By Andrew Karpan
Law360 (August 18, 2023, 7:50 PM EDT) — U.S. Circuit Judge Pauline Newman, who’s fighting with her Federal Circuit colleagues to remain on the bench, on Friday penned an opinion on behalf of the appeals court affirming Patent Trial and Appeal Board decisions that invalidated patent claims challenged by streaming equipment manufacturer Roku.
Judge Newman delivered a 24-page nonprecedential decision in an appeal that she and two other judges heard back in November over findings from the PTAB that had scratched out claims in patents owned by a Roku Inc. rival called Universal Electronics Inc.
“We have considered all the arguments concerning these three patents and affirm the board’s decisions of invalidity of the claims at issue,” wrote Judge Newman for the panel.
On Aug. 4, a panel of three other judges on the Federal Circuit released a 111-page report recommending that Judge Newman be suspended from the court for a year for not cooperating with an ongoing investigation into claims that she is not mentally fit to remain on the bench. Judge Newman’s response to those recommendations is due on Aug. 31.

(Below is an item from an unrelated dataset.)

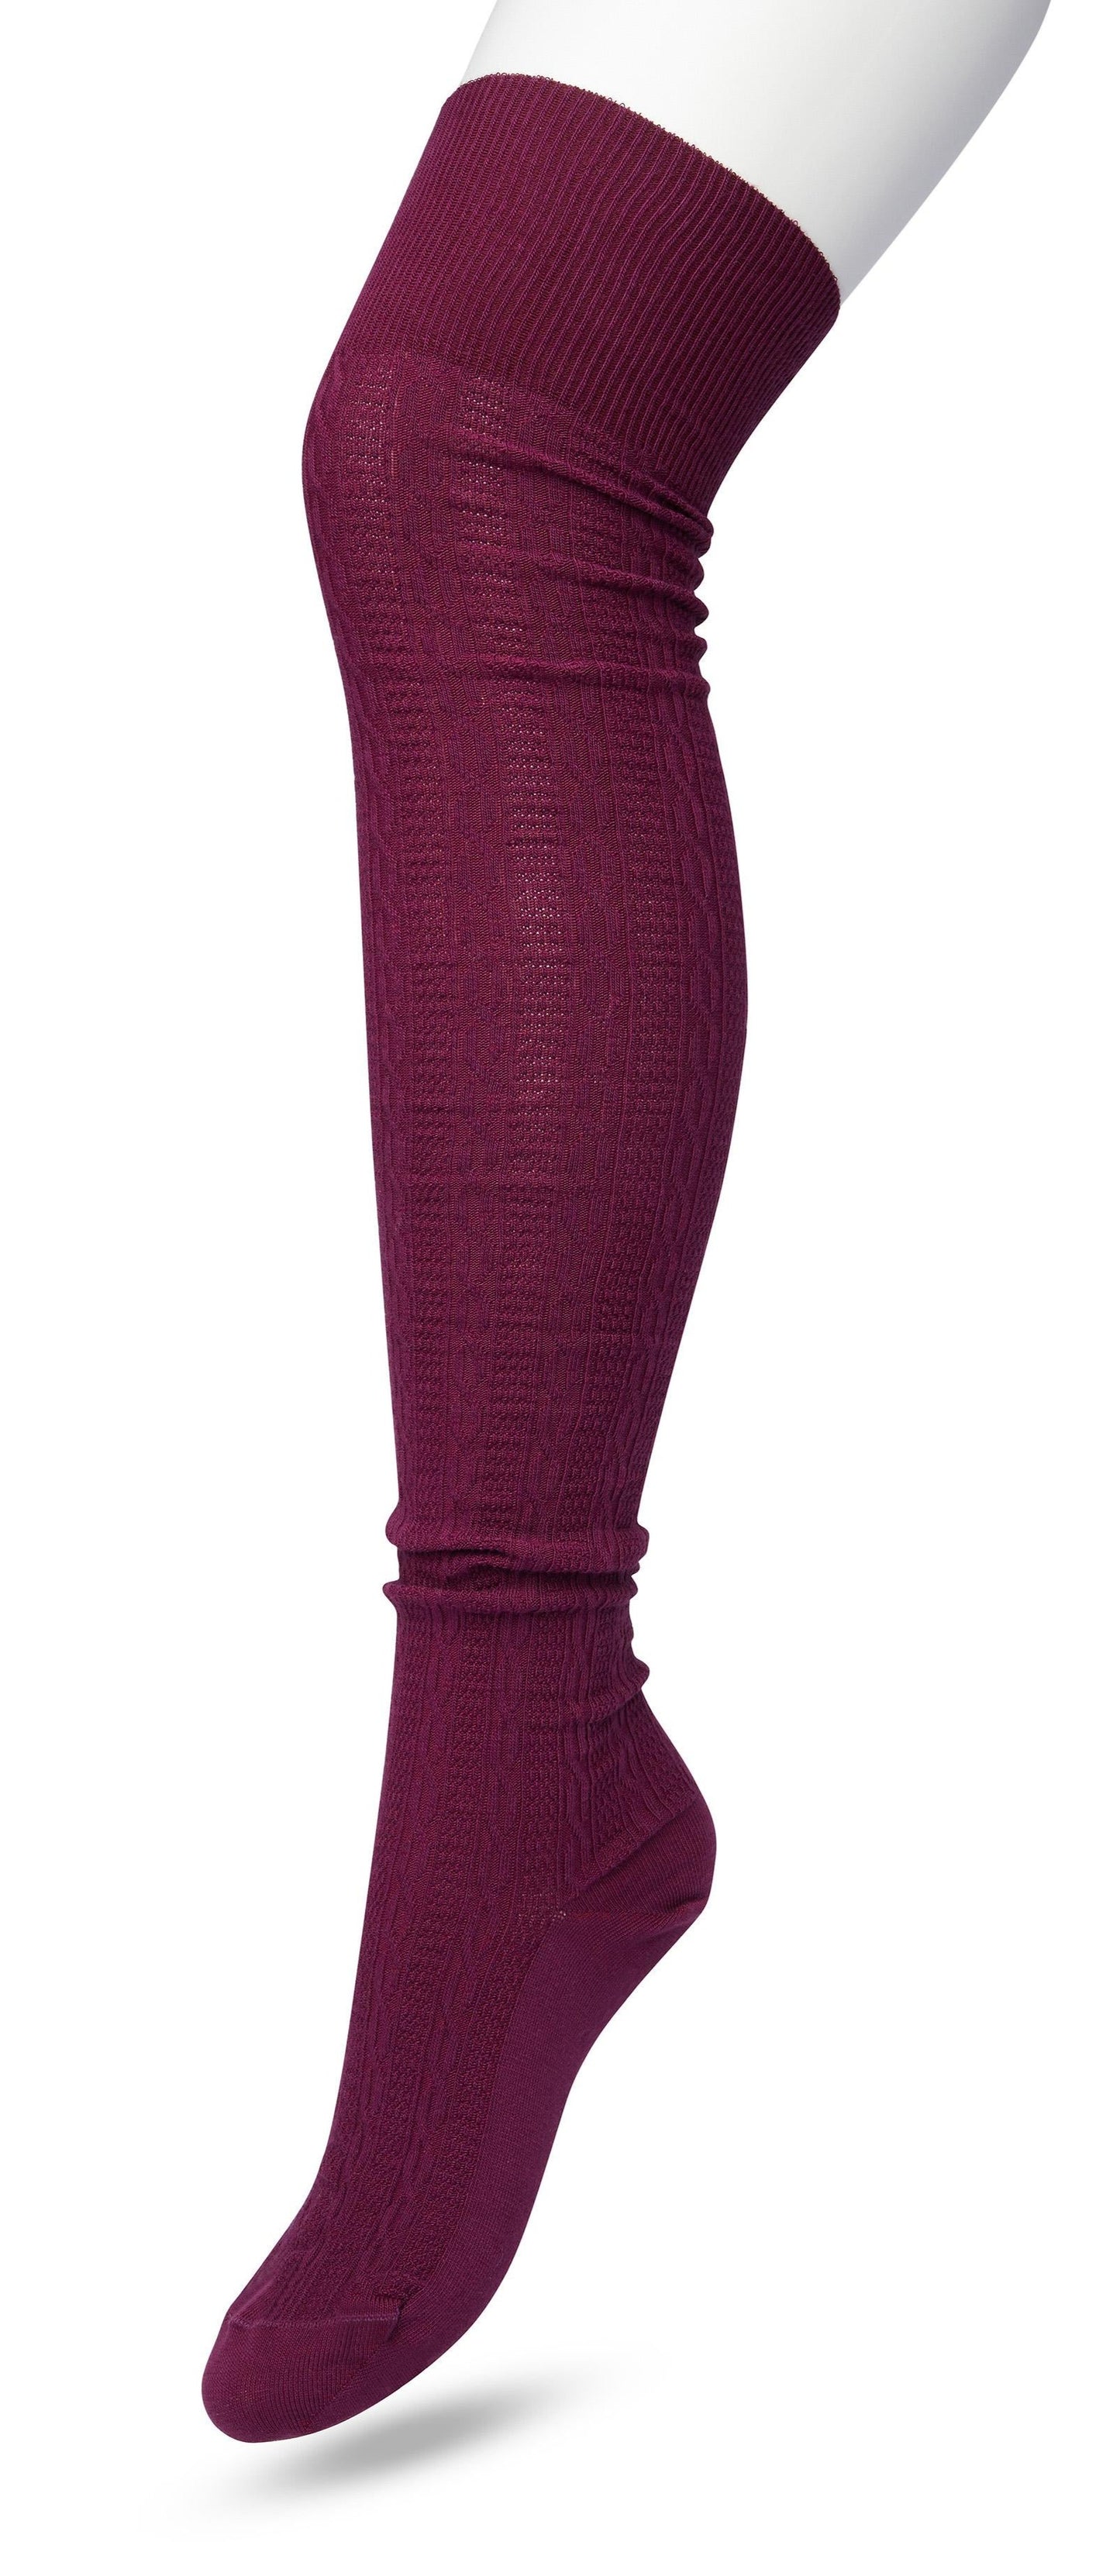 Bonnie Doon Cable Over-Knee Sock - Wine (crushed violets) cotton knitted over the knee socks with a cable knit style ribbed pattern

Nevertheless, Judge Newman has continued to pen opinions on cases she heard before she was blocked from hearing new cases in April. Some of these decisions have involved dissents on issues like the current state of patent eligibility law or how the patent board handles obviousness. In interviews, she’s mused that she isn’t sure “that [the court] can be salvaged or restored, either in the public mind or in the judicial structure of the nation.”
Friday’s decision, however, was an affirmation. In the finding, Judge Newman wrote that the patent board was right to wipe out some patent claims, and the two other judges who heard the case agreed.
Universal, a Scottsdale, Arizona-based electronics company, had asserted the patents in an infringement case against Roku back in 2018. Universal alleged that a variety of Roku’s remote control devices infringed a collection of patents connected to remote control configuration software that Universal markets under the brand name QuickSet.
That dispute would later be put on hold after Universal also took its issues to the U.S. International Trade Commission. The trade commission would eventually issue a decision maintaining that the original software for Roku’s Ultra and Soundbar brand products infringed one of Universal’s patents, but that an updated model did not. Roku is appealing that decision and oral arguments in that appeal are scheduled to take place at the Federal Circuit during its session next month.
Roku would also head to the patent board to argue that some of those Universal patents weren’t legally valid either. It succeeded in wiping out some of them, but also failed to convince judges there that four of the challenged claims in one of Universal’s patents were invalid.
Roku did not appeal the holding that it lost, but Universal did, filing a set of appeals over the various decisions it lost that were eventually consolidated into a single case in front of the panel.
To no avail, wrote Judge Newman.
“The board found that a person of ordinary skill in this field would have been motivated to combine known modulation techniques with known wireless transmission, for the references are in closely related fields of endeavor, and the board’s conclusion was supported by expert testimony and citations to relevant references,” she said.
Counsel representing the two electronics companies did not respond to a request for comment.
The patents-in-suit are U.S. Patent Nos. 7,589,642; 8,004,389; 9,911,325.
U.S. Circuit Judges Pauline Newman, Jimmie V. Reyna and Kara Farnandez Stoll sat on the panel for the Federal Circuit.
Universal Electronics is represented by Michael Anthony Nicodema, Benjamin Gilford and James J. Lukas Jr. of Greenberg Traurig LLP.
Roku is represented by Jon Wright, Richard Crudo and Lestin L. Kenton of Sterne Kessler Goldstein & Fox PLLC, and Jonathan Daniel Baker and Michael David Saunders of Dickinson Wright PLLC.
The cases are Universal Electronics Inc. v. Roku Inc., case numbers 21-1992, 21-1993 and 21-1994, all in the U.S. Court of Appeals for the Federal Circuit.